In the BestWater case a YouTube clip (placed on YouTube by the rights holder) was embedded without consent. There was no communication to a new public, because the access to the original video was not restricted. The case discussed whether embedding could still amount to communication to a new public, because the video was shown on another website. The European Court of Justice held that embedding videos that are freely available does not constitute an infringement under article 3.

According to the Supreme Court it is necessary, in line with jurisprudence of the European Court of Justice, that for a "communication to the public" the following criteria are satisfied:
- A sizeable, not originally by the rightholder targeted, audience can be reached (a communication)
- This is a new audience, that has not been reached by a previous communication to the public (to the public)

The Supreme Court concluded that there is not enough material in the Svensson and BestWater cases to answer the current question of GS Media v. Playboy. It has to consider whether with the hyperlinking a new audience has been reached. The courts held that hyperlinking to a source that is already open for anyone would not constitute a communication to a new audience, however in the Svensson case this had been done by the rights holder. It notes from a practical view that there is much content available on the internet without consent of the rightholder, therefore it is hard to find out whether a hyperlink is aimed at a work with consent of the rightholder or not.

For the reasons mentioned above the Supreme Court decided to ask prejudicial questions to the European Court of Justice.

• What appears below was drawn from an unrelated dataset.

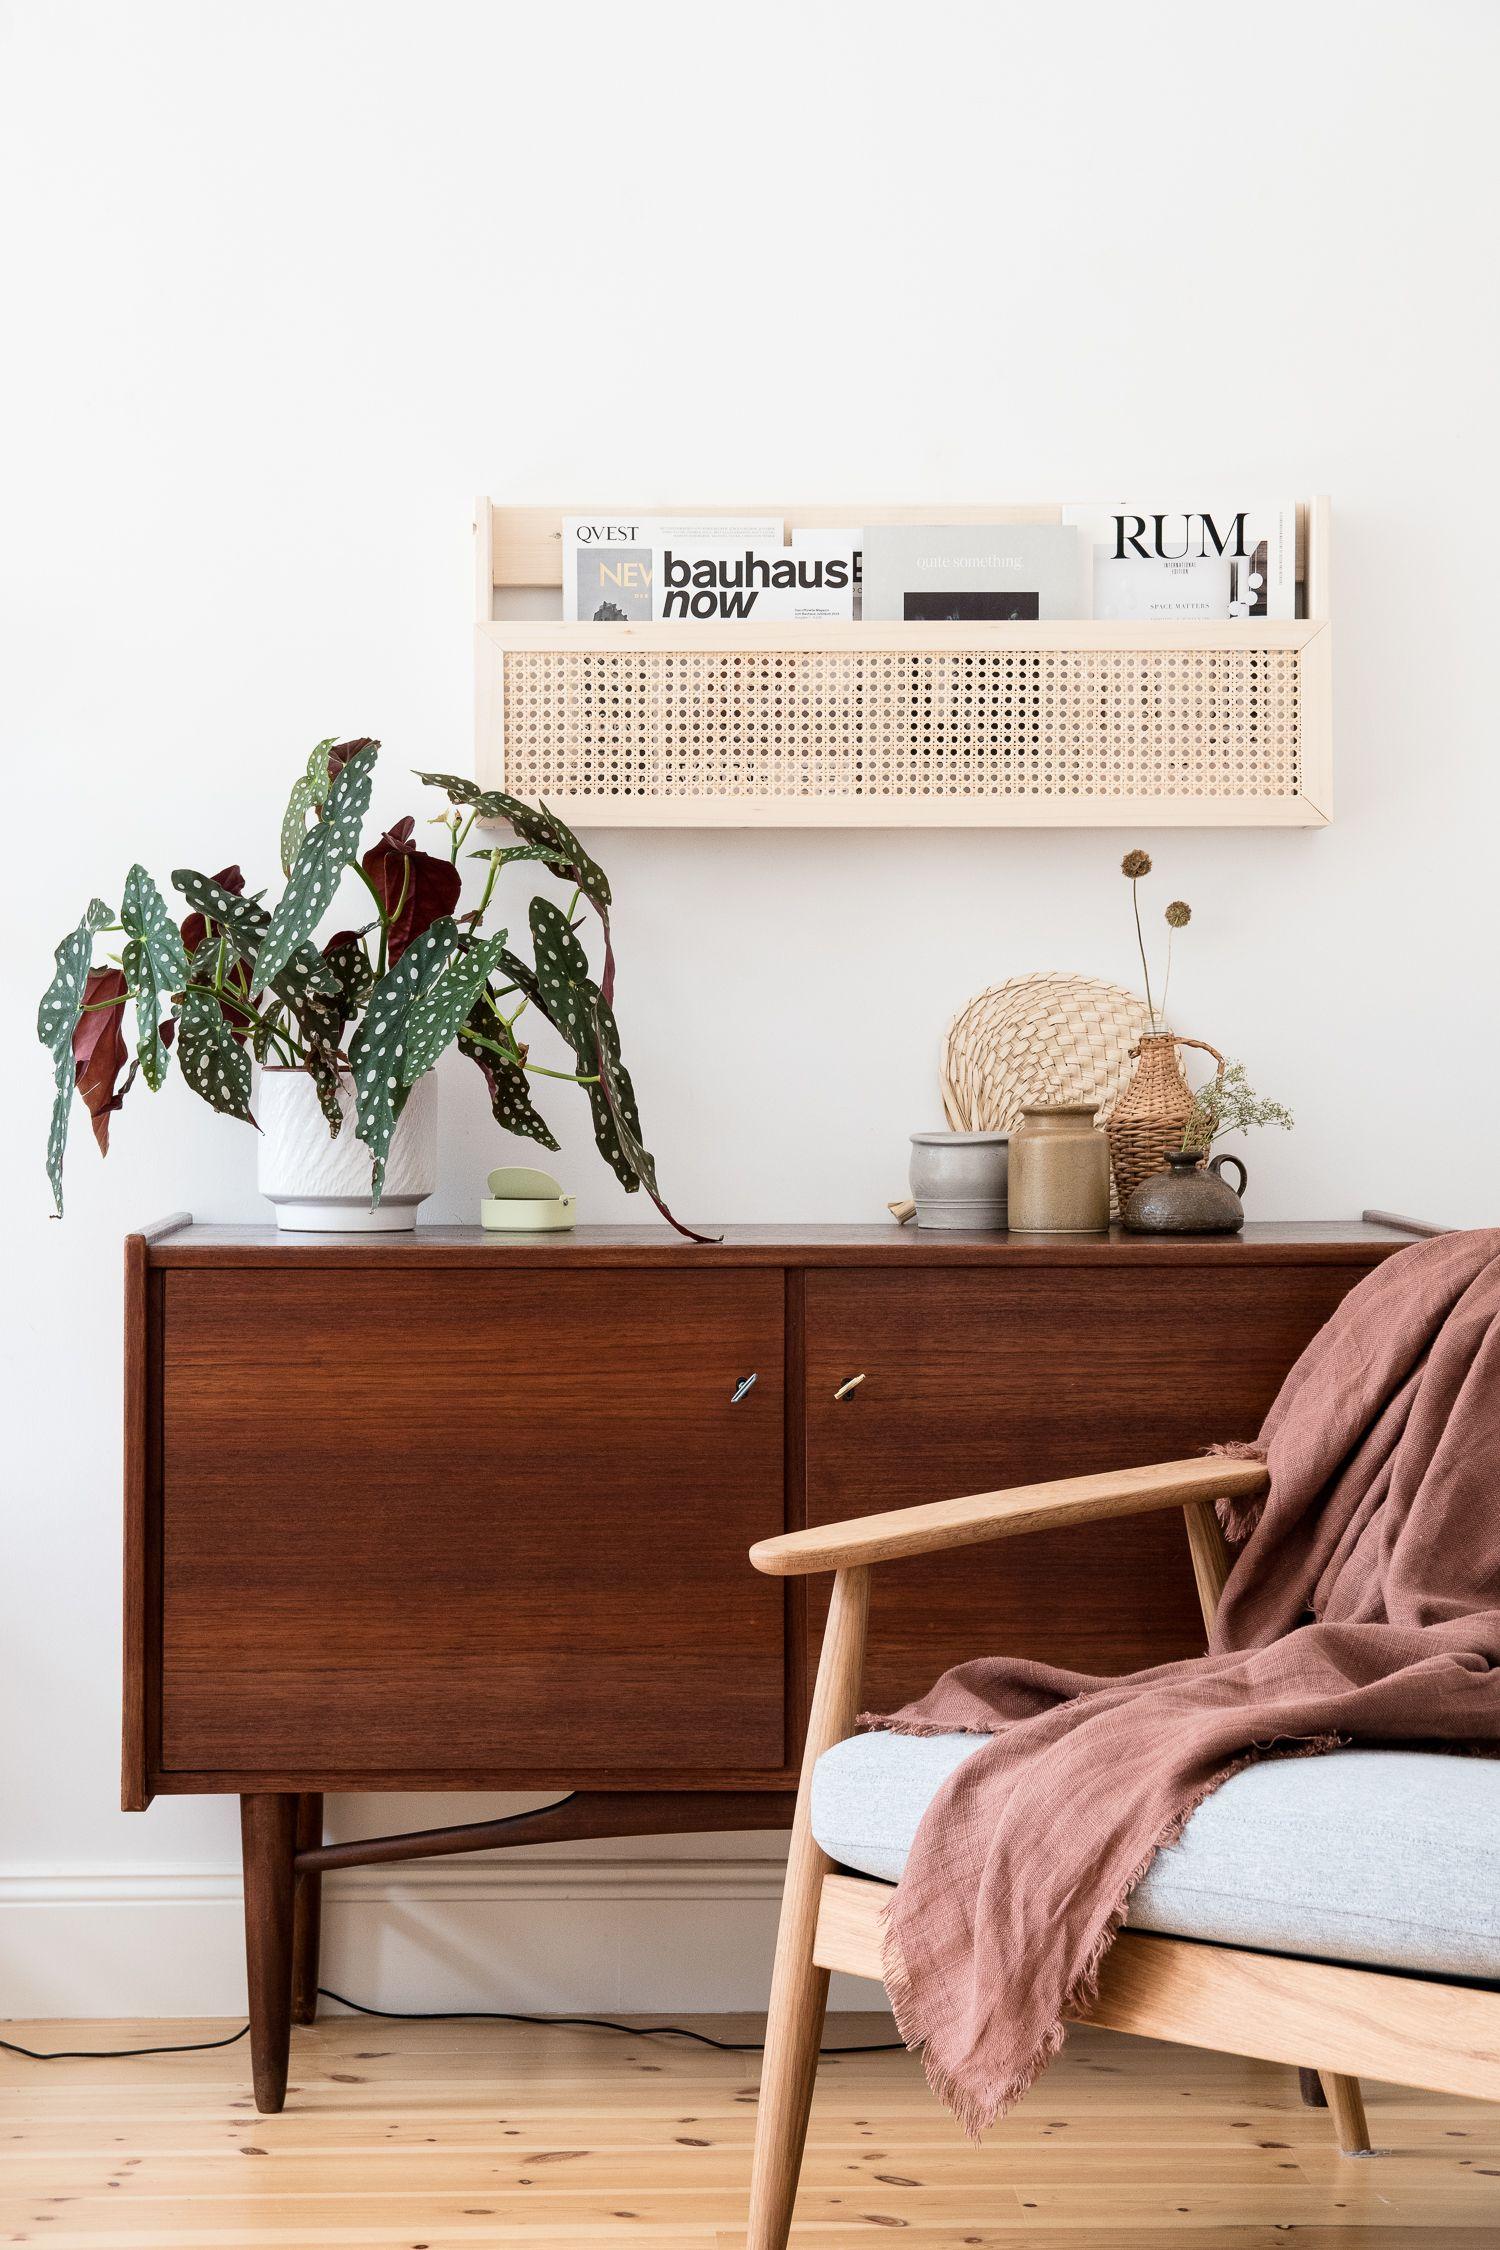 DIY Magazinhalter aus Holz mit Wiener Geflecht #interiordesign
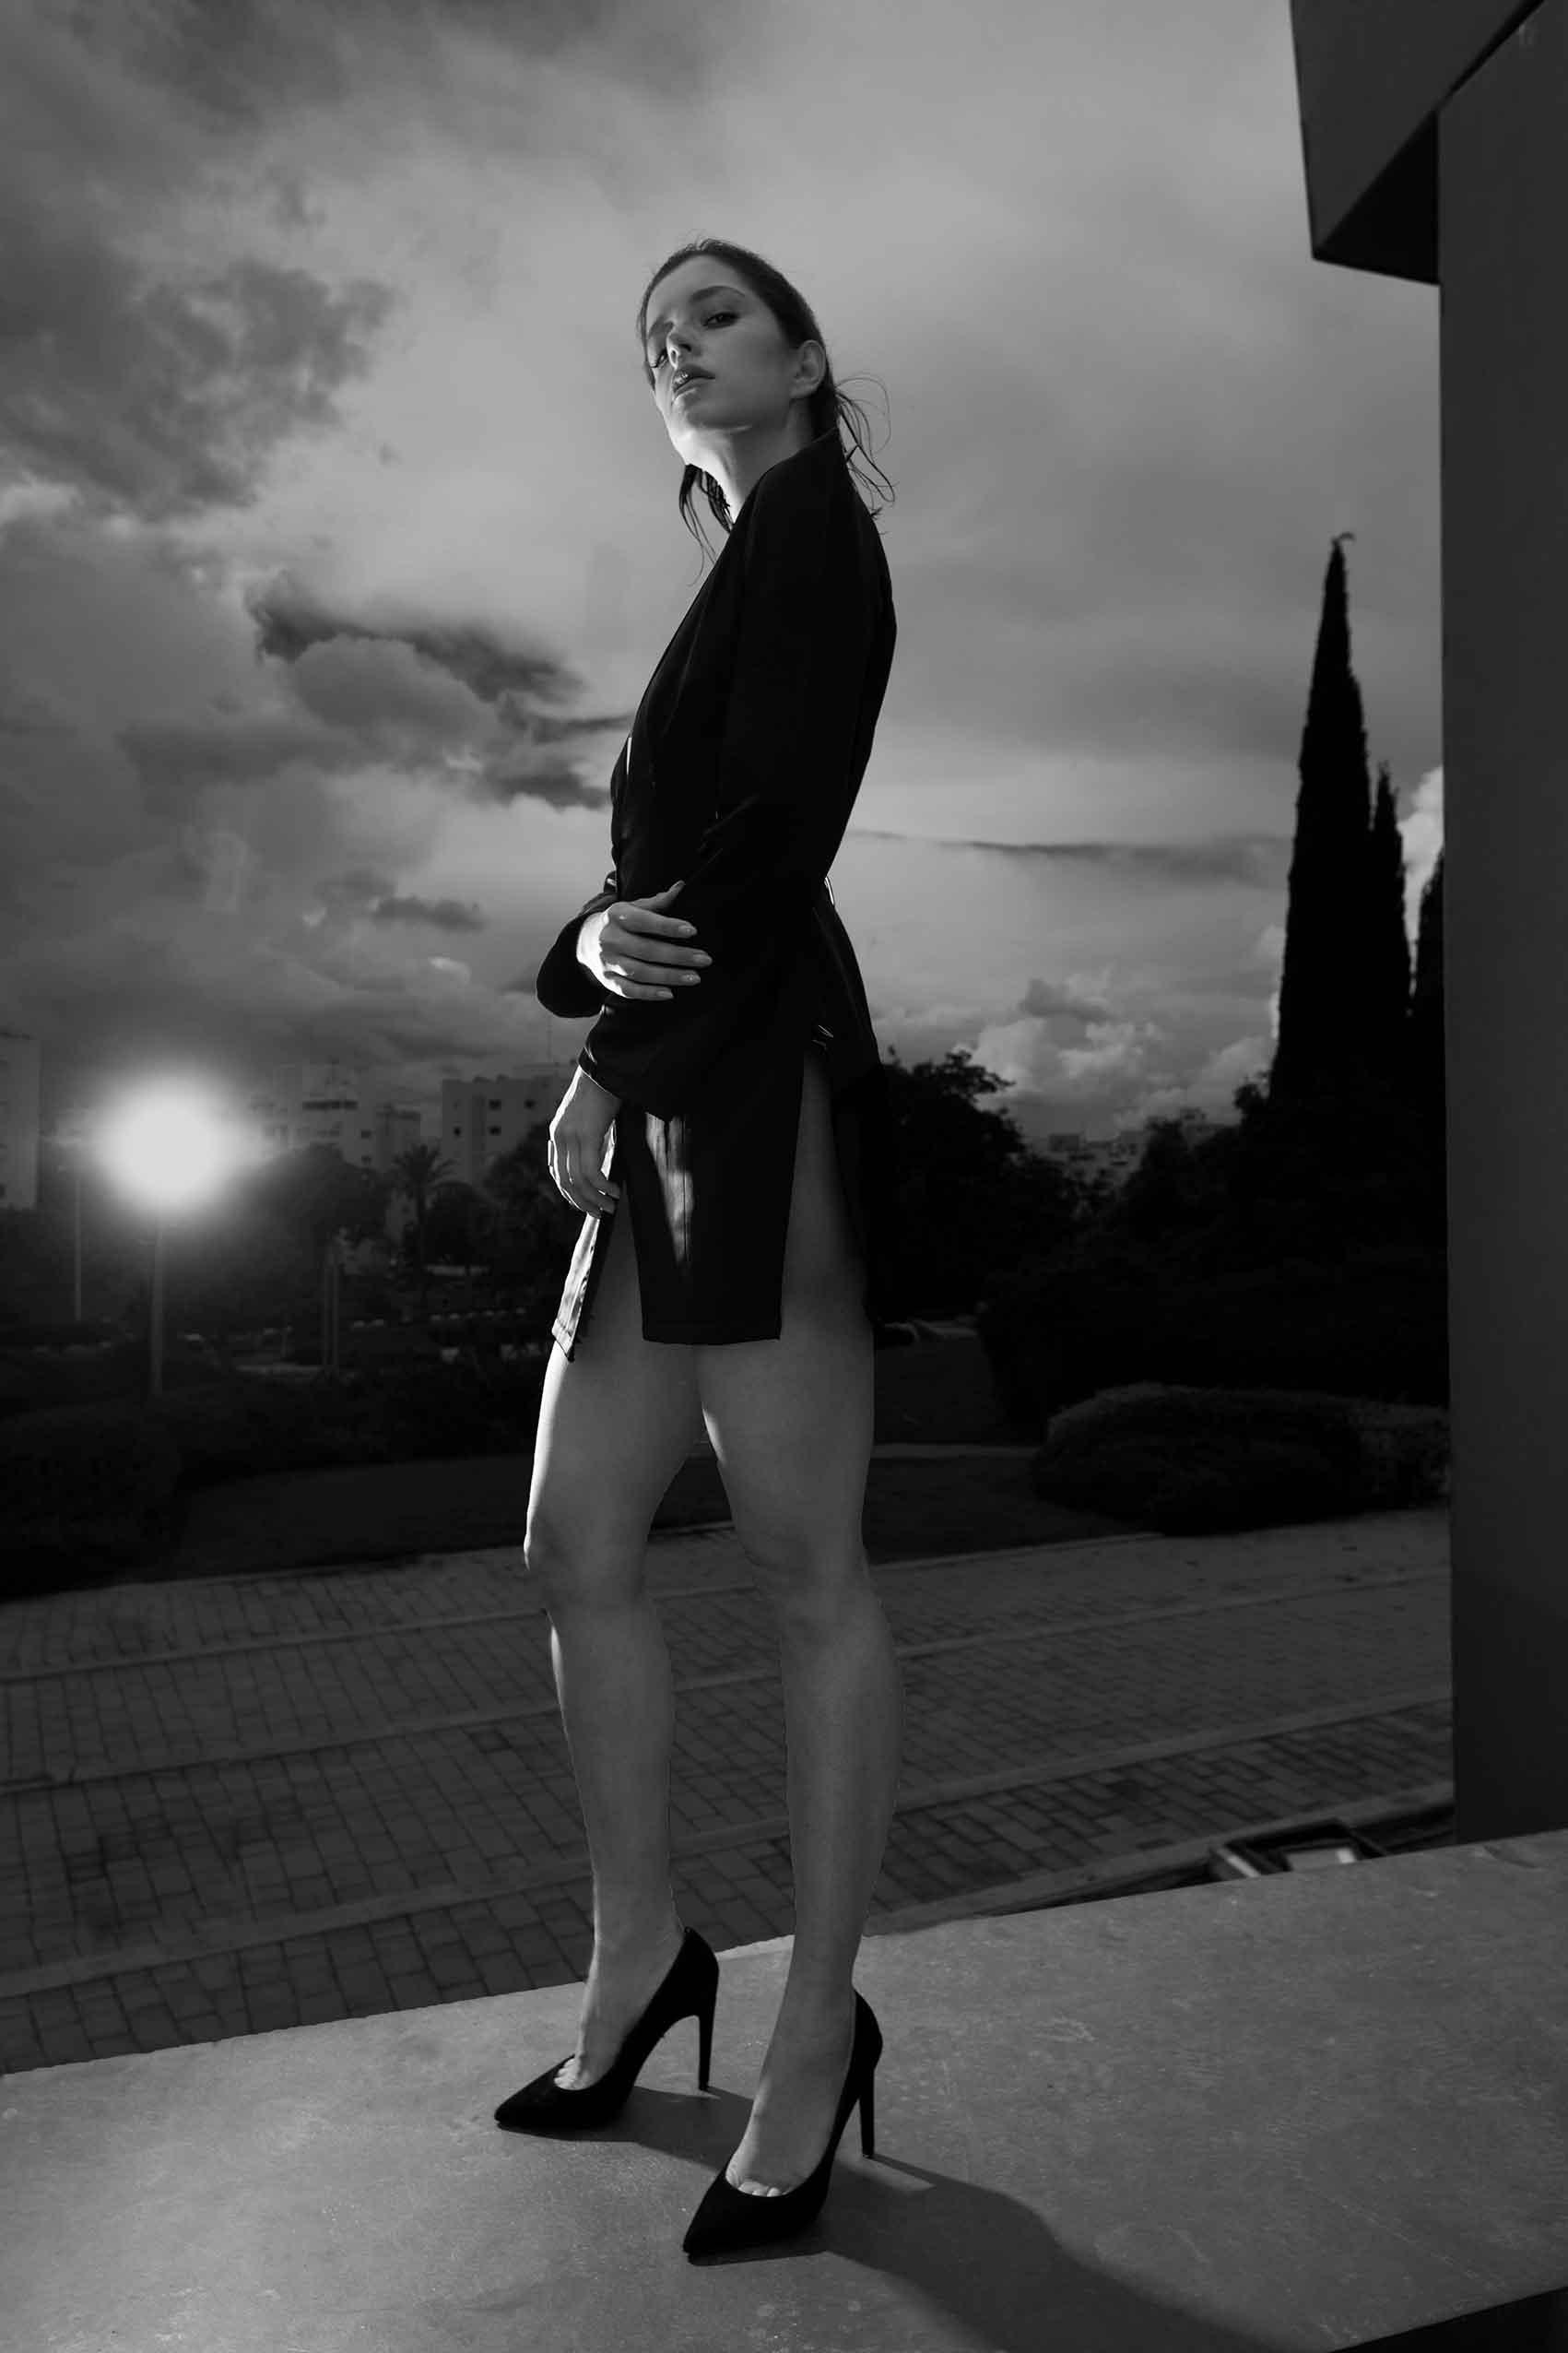 מאשה-גילדר-מגזין-אופנה-שגב-אורלב-אופנה-ישראלית

== Questions referred the European Court of Justice ==
The questions that were asked by the Dutch Supreme Court are:
- 1(a) If anyone other than the copyright holder refers by means of a hyperlink on a website controlled by him to a website which is managed by a third party and is accessible to the general internet public, on which the work has been made available without the consent of the rightholder, does that constitute a ‘communication to the public’ within the meaning of Article 3(1) of Directive 2001/29?
- 1(b) Does it make any difference if the work was also not previously communicated, with the rightholder's consent, to the public in some other way?
- 1(c) Is it important whether the 'hyperlinker' is or ought to be aware of the lack of consent by the rightholder for the placement of the work on the third party's website mentioned in 1(a) above and, as the case may be, of the fact that the work has also not previously been communicated, with the rightholder's consent, to the public in some other way?
- 2(a) If the answer to question 1(a) is in the negative: in that case, is there, or could there be deemed to be, a communication to the public if the website to which the hyperlink refers, and thus the work, is indeed findable for the general internet public, but not easily so, with the result that the publication of the hyperlink greatly facilitates the finding of the work?
- 2(b) In answering question 2(a), is it important whether the ‘hyperlinker’ is or ought to be aware of the fact that the website to which the hyperlink refers is not easily findable by the general internet public?
- 3. Are there other circumstances which should be taken into account when answering the question whether there is deemed to be a communication to the public if, by means of a hyperlink, access is provided to a work which has not previously been communicated to the public with the consent of the rightholder?